# ZFS on iSCSI on ZFS



## kgatan (Oct 29, 2012)

If I have a number of machines with ZFS raid (doesn't matter which level) in a data centre, would it be possible to share these machines with iSCSI as single LUN's and stripe or raid them on a kind of ZFS master server?

It would give protection against disk failure on the iSCSI machines, and also protection against machine failure if you raid the ZFS master server with the underlying LUN's.

Perhaps its better to share all disk as separate LUN's and then use nested raid on the ZFS master server to protect against both machine and disk failure?

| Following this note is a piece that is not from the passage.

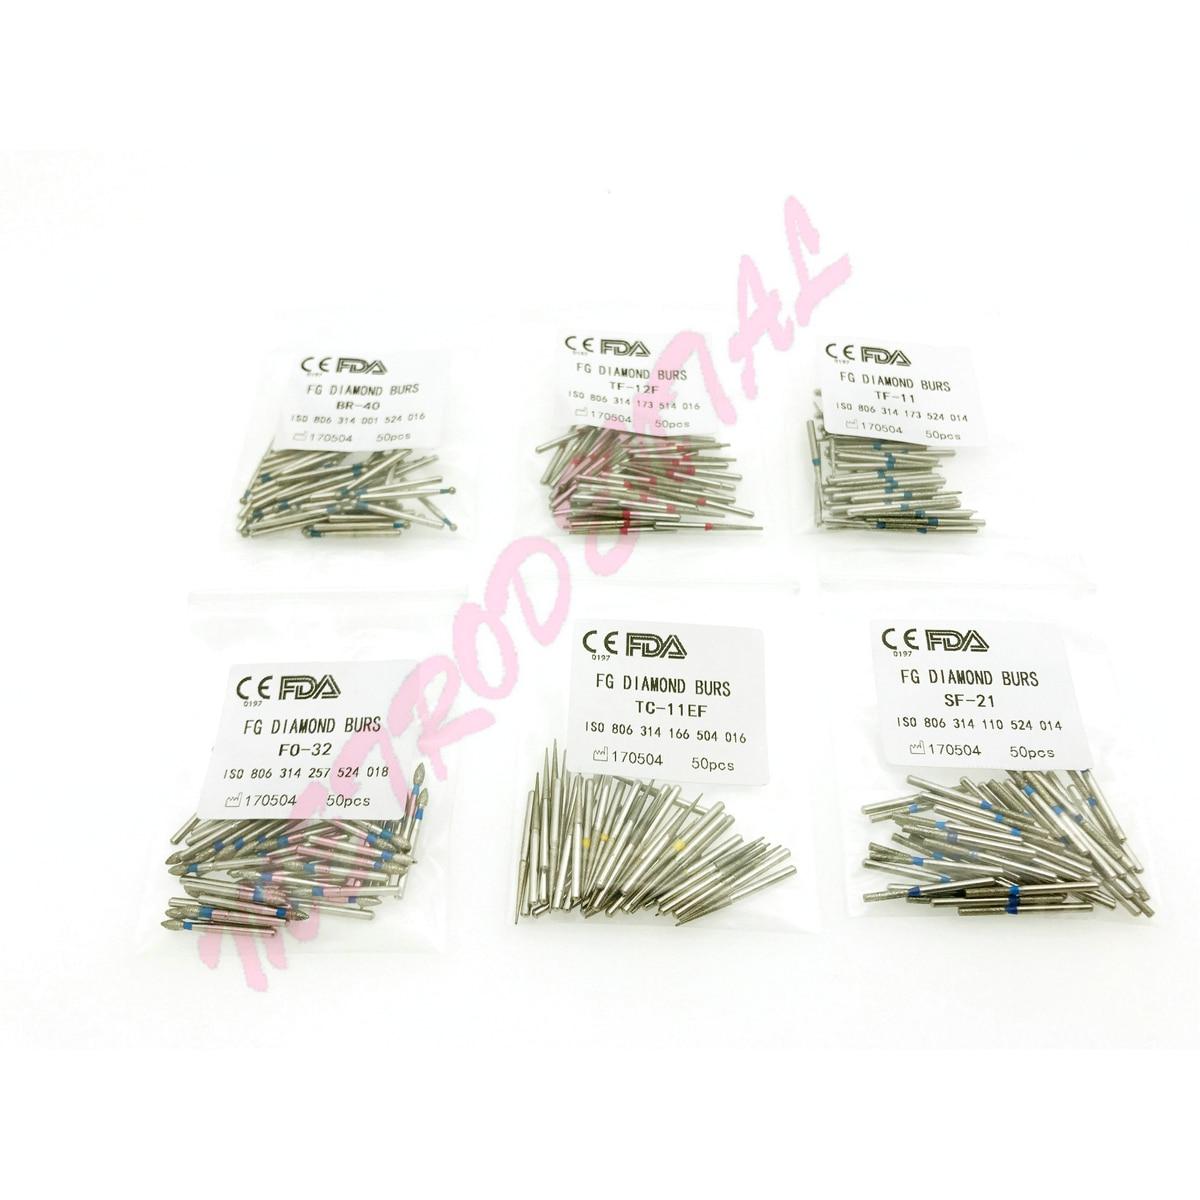 50pcs Dental  FG High Speed Diamond Burs for Polishing Dental Burs 1.6mm free shipping 6pcs box flywheel drilling burs jewellery bur tools suppliers diamond burs for polishing

I have no experience what so ever with this so in case this is an insane question then I'm sorry


----------



## olav (Oct 30, 2012)

Yes you can use two SAN's and setup a mirrored ZFS storage by accessing two LUN's. However there are a few things that you have to keep in mind.
FreeBSD's iSCSI initiator isn't working too well. Especially if a LUN goes offline, it can hang/freeze your whole system.
You should keep the LUN volumes small and always keep an eye on performance. Resilvering/scrubbing takes time.
HAST will most likely be a lot better than creating a ZFS mirror of two LUN's.


----------



## kgatan (Oct 30, 2012)

Ah, yes didn't think of that.
Is resilver and scrubbing time dependent on iops or raw throughput?


----------



## Crest (Oct 31, 2012)

Depends. It reads the live blocks in chronological order. Given the average size of blocks for most setups it's limited by raw throughput.


----------